Judges can determine the cause of damages, a federal appeals court said on Friday when it upheld a verdict against a Travelers Cos. Inc. device.
In June 2012, a hailstorm damaged three buildings owned by Englewood, Colorado-based BonBeck. Parker LLC and BonBeck HL LLC, according to the 10th U.S. Circuit Court of Appeals in Denver BonBeck Parker, LLC; Bonbeck HL, LLC v. The Travelers Indemnity Co. of America.
Travelers paid $ 34,200, the amount of damage it said was caused by the hailstorm.
A dispute arose between BonBeck and the Traveler unit. Travelers' damages such as how much damage was caused by the storm, in particular damage to the roofs of three buildings, and how much from nasty events such as wear and tear, deterioration and improper installation.
BonBeck then invoked a policy provision that allows either party to make an assessment, including the loss, to be determined by a three-person evaluation panel.
Travelers said it would only approve an evaluation on certain conditions, including that the panel would not be allowed to decide what caused the roof damage.
BonBeck refused the insurer's terms and the travelers filed a lawsuit with the U.S. District Court in Denver, requesting an explanation that the policy prevented the evaluation panel from establishing a causal link. ues.
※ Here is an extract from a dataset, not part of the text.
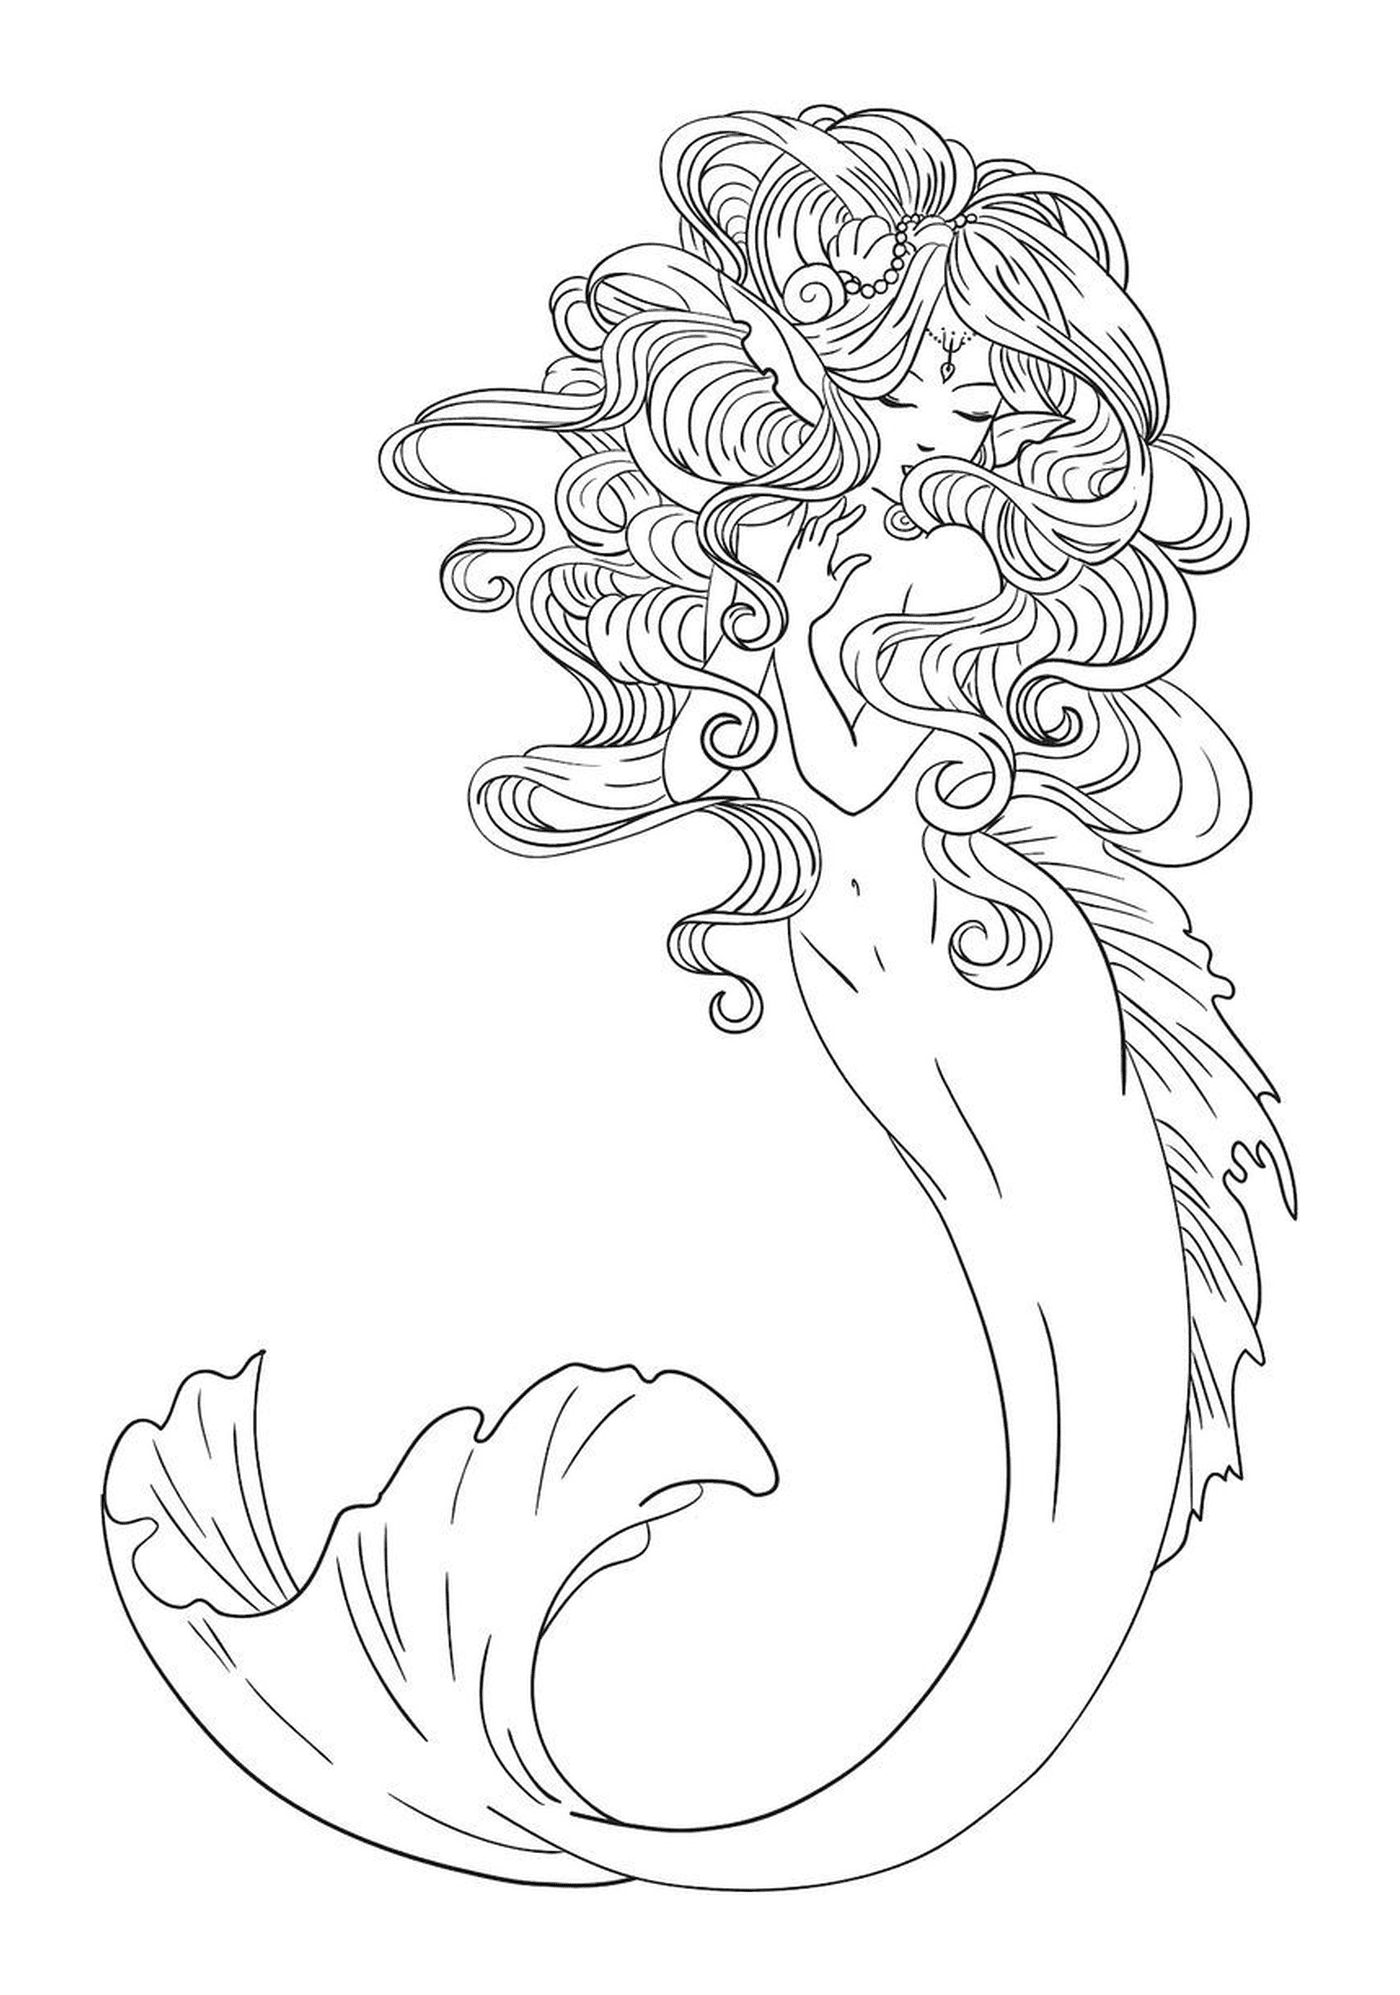  Elegante sirena de mar

BonBeck counterclaimed for breach of contract.
After the district court ruled that the appraisal provision authorized the panel to determine the cause of the loss, an estimate of the total repair cost for hail damage is estimated at approximately $ 21
The district court subsequently granted BonBeck a summary judgment on its breach of contract and held that there was no real dispute that travelers had violated the policy by failing to agree to a valuation. when BonBeck requested one.
The judgment was upheld by a unanimous Board of Appeal with three judges. The police plain text identifies disputes like this one, about "the size of the loss" as one of the issues that the parties can request an assessment of, the verdict says.
"And because we conclude that the Colorado Supreme Court, if faced with the question , would acknowledge that the usual meaning of the term "loss amount" includes causation, the district court interpreted the policy correctly to conclude that the panel could determine the cause of BonBeck's roof damage, "it stated, by confirming the lower court's judgment the insurer had violated the policy to allow the assessment to continue.
Lawyers in the case did not respond to a request for comment.